- Origin: Helsinki, Finland
- Genres: Rap, hardcore hip hop, trap, grime
- Years active: 2012-present
- Labels: Fullsteam
- Members: RPK Julma-Henri
- Website: www.eurocrack.com

= Eurocrack =

Finnish rap band

Eurocrack, sometimes stylized as E U R O C R A C K, is a Finnish rap act made up of Finnish rappers RPK and Julma-Henri. The duo was formed in 2012 with a major album release Huume (stylized as H U U M E) in June 2013.

==Career==
Julma-Henri (also known as JLMA HNRI, Henri, Henkka, LL Julma H, Jääkarhu-Make, Money, Pepsi P) was previously well-known since 2007 as Julma-Henri & Syrjäytyneet with a number of albums, notably Al-Qaida Finland (2007), SRJTNT vol. 1 and Radio Jihad... Syrjäytynyt vol. 2 (2008, 2011).

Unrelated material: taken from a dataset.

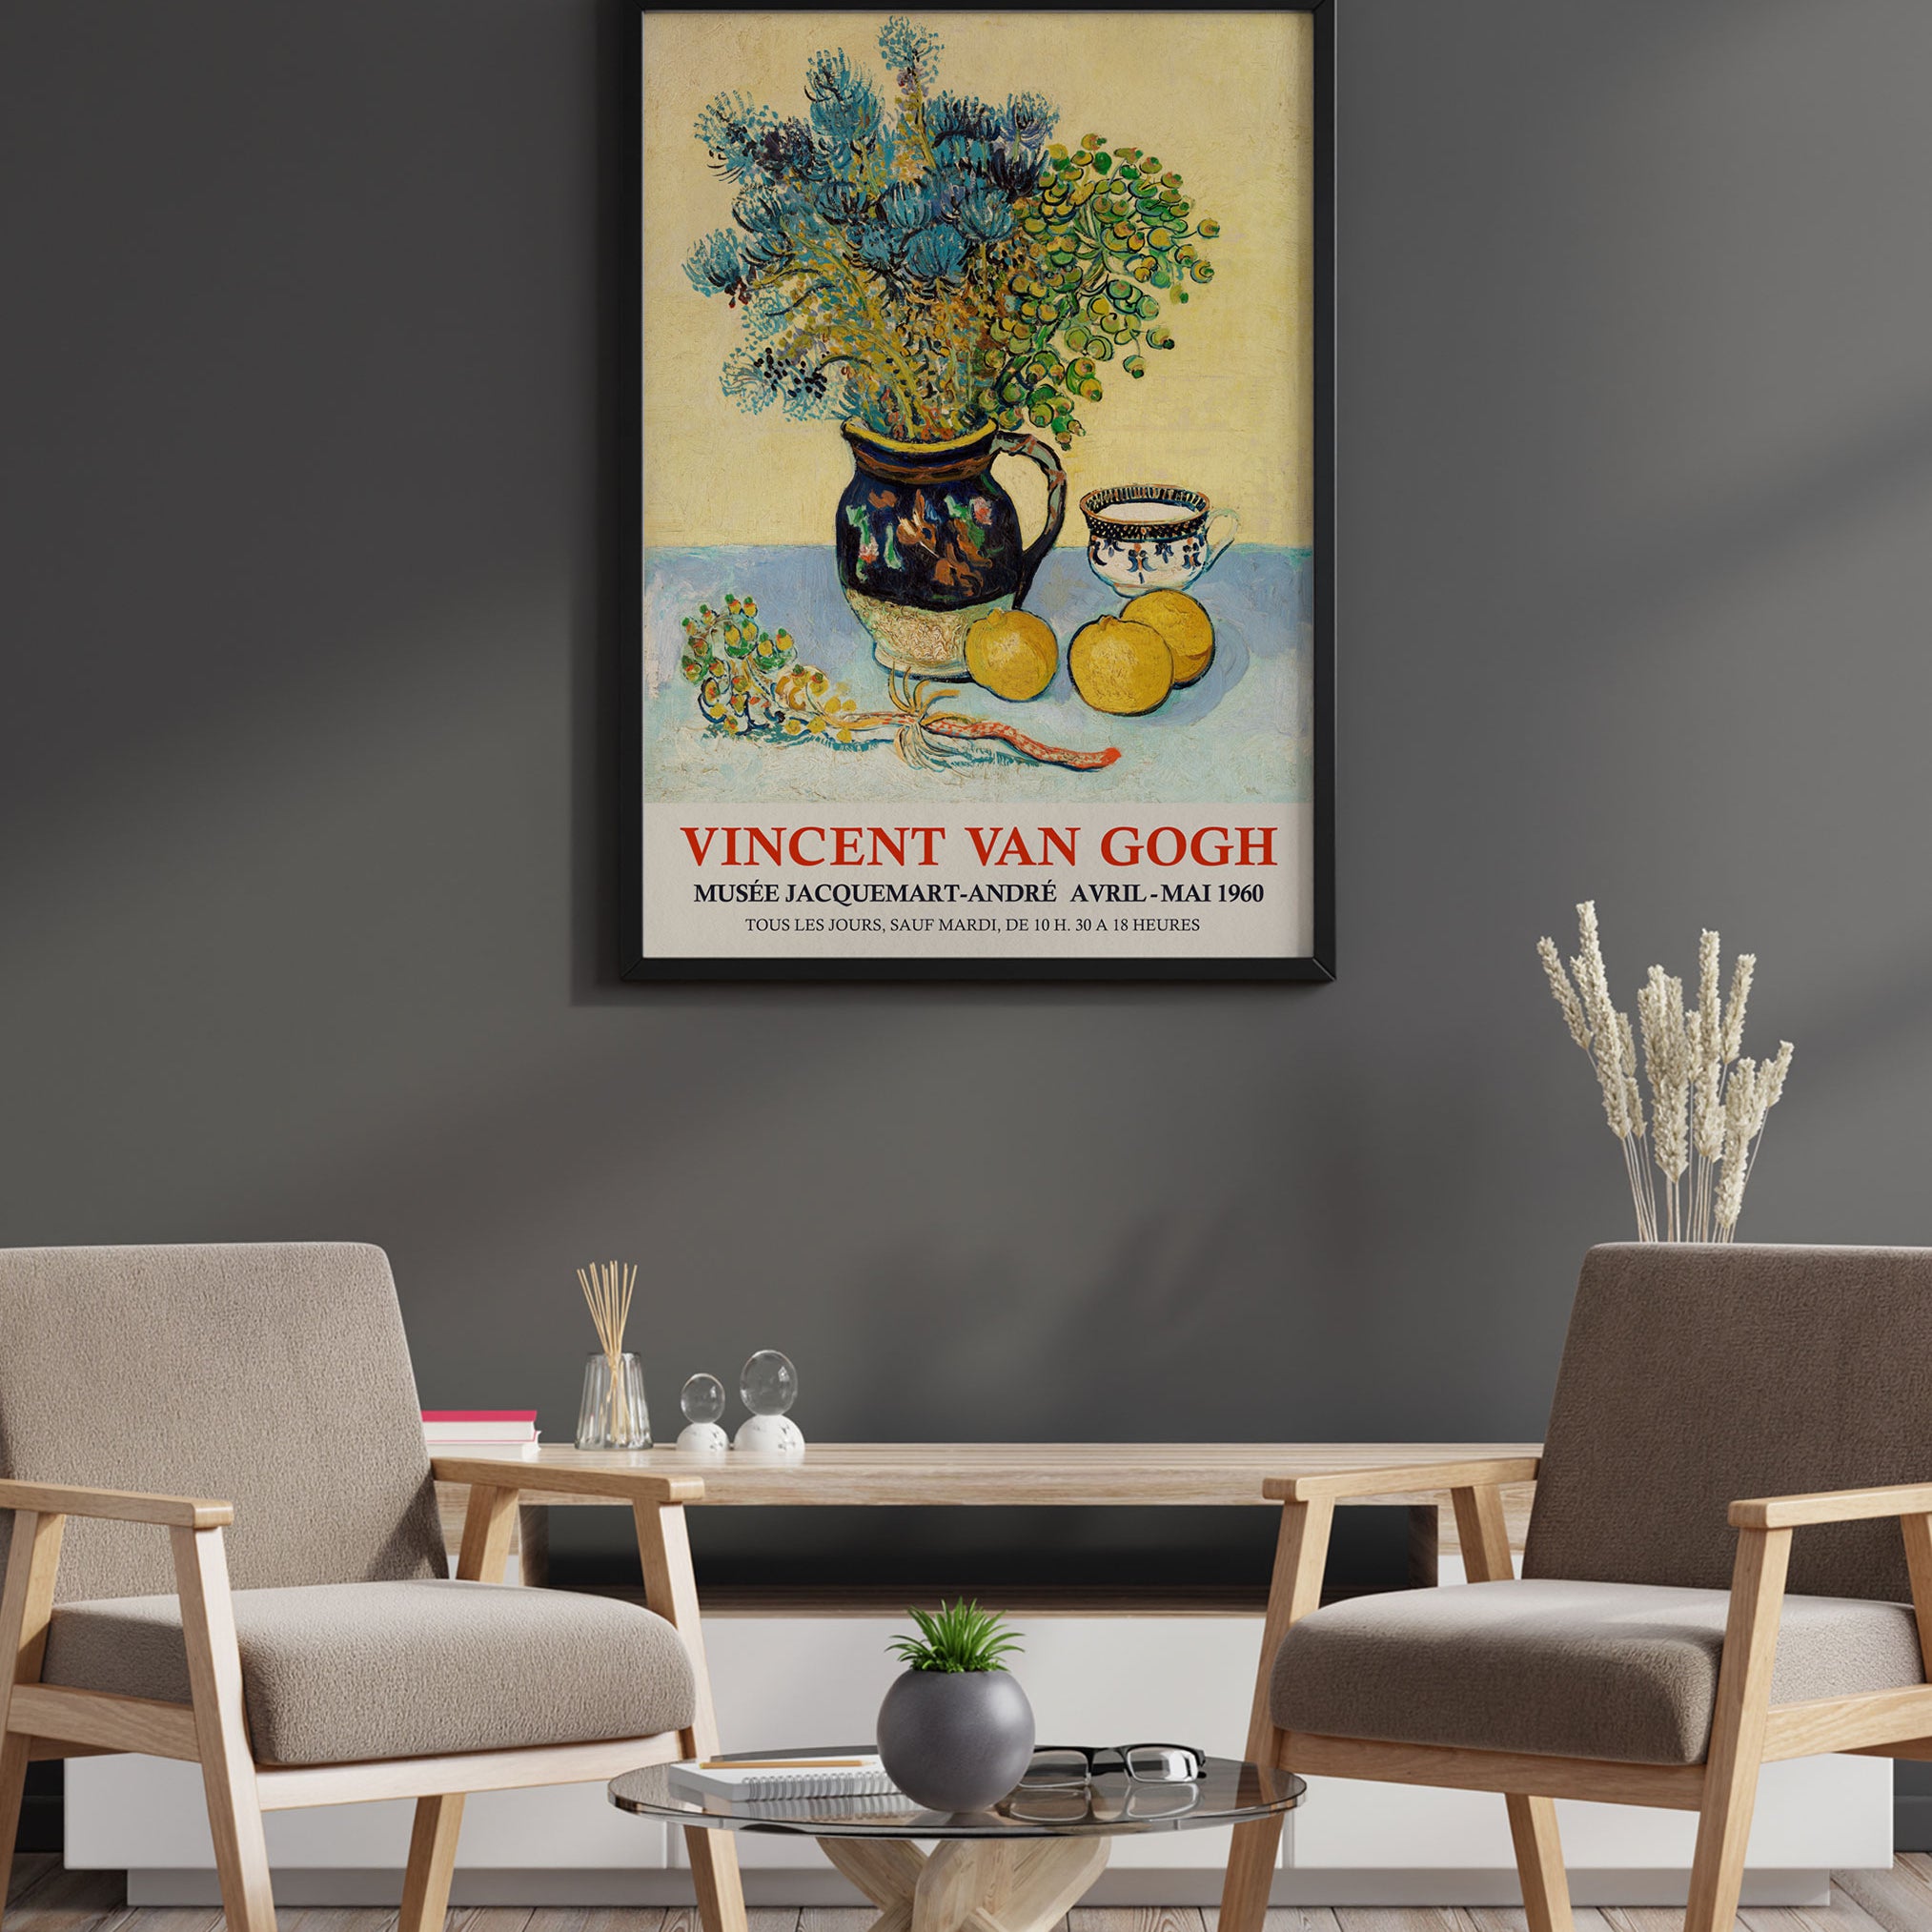 Vincent van Gogh Exhibition Poster - Still Life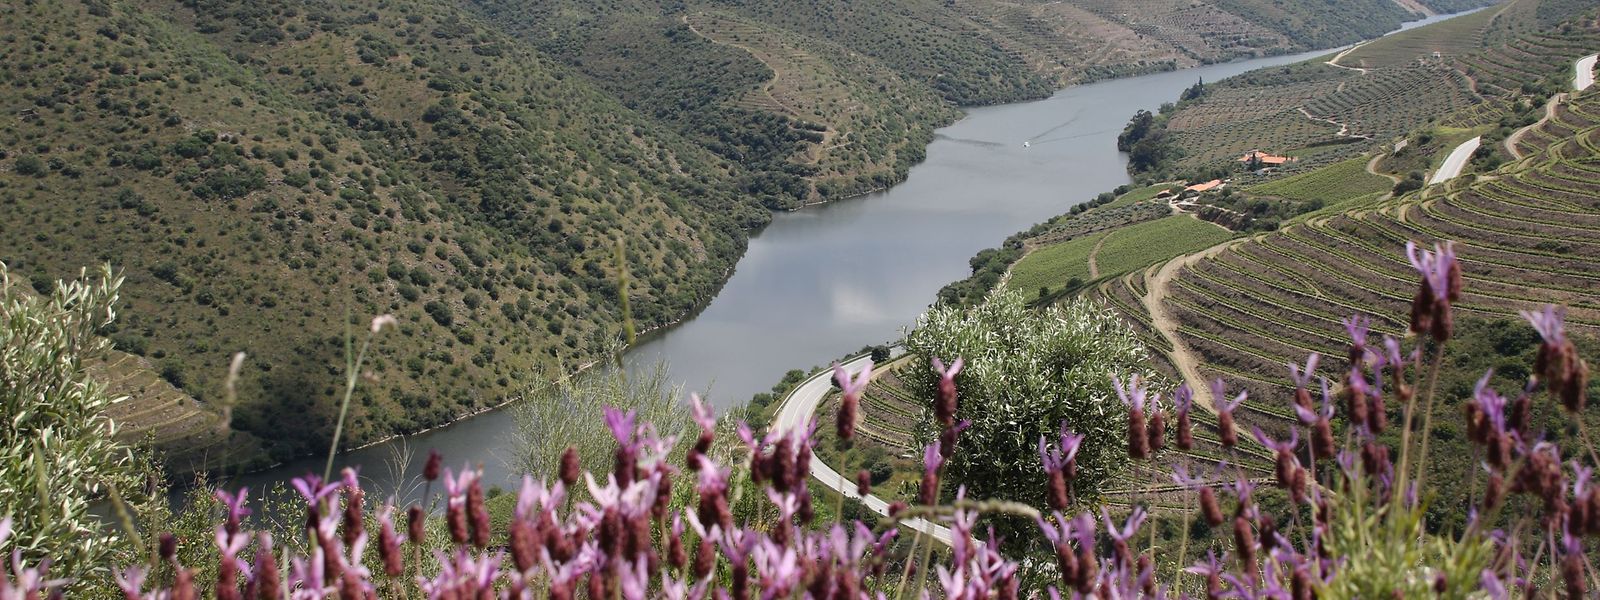 Ein Ausblick, der zum Träumen und Entdecken einlädt: die Mündung des Côa ins Douro-Tal.

With RPK (real name Roope Kinnunen also known as RoopeK, RRKK, RPK, Esaar, Koksukoo, Koksu Koo, Kokkelikoo, Mörkö, Supertuottaja, Rrimöykk, Rumpukone), formerly of Ceebrolistics, the two had started an artistic cooperation together in 2010 releasing a number of works together including EPs, such as Kutsu EP (2010) and "HENRI" (2012). Their third work together Euro Crack EP (2012) is considered a beginning of the Eurocrack project that blossomed with a charting studio album released in July 2013. Eurocrack's studio album Huume (in English The Drug, stylized as H U U M E) was released on 28 June 2013 and has appeared at number 7 on the Official Finnish Album Chart

==Discography==
===Albums and EPs===
- as Julma-Henri & RPK
- 2010: Kutsu EP
- 2011: "HENRI"

- as JLMA HNRI X RPK
2012: Euro Crack EP

- as Eurocrack

| Year | Album | Peak positions | Certification |
FIN
| 2013 | Huume (credited to Eurocrack) | 7 |  |

===Singles / Music videos===
- 2012: "E.U.R.O.C.R.A.C.K." (JLMA HNRI X RPK / EURO CRACK)
- 2012: "Pommi" (JLMA HNRI X RPK / EURO CRACK)
- 2013: "Spaced Out" (Eurocrack)
- 2013: "Douppii Douppaa" (Eurocrack)
- 2013: "Kräkkä Kränkkä" (Eurocrack)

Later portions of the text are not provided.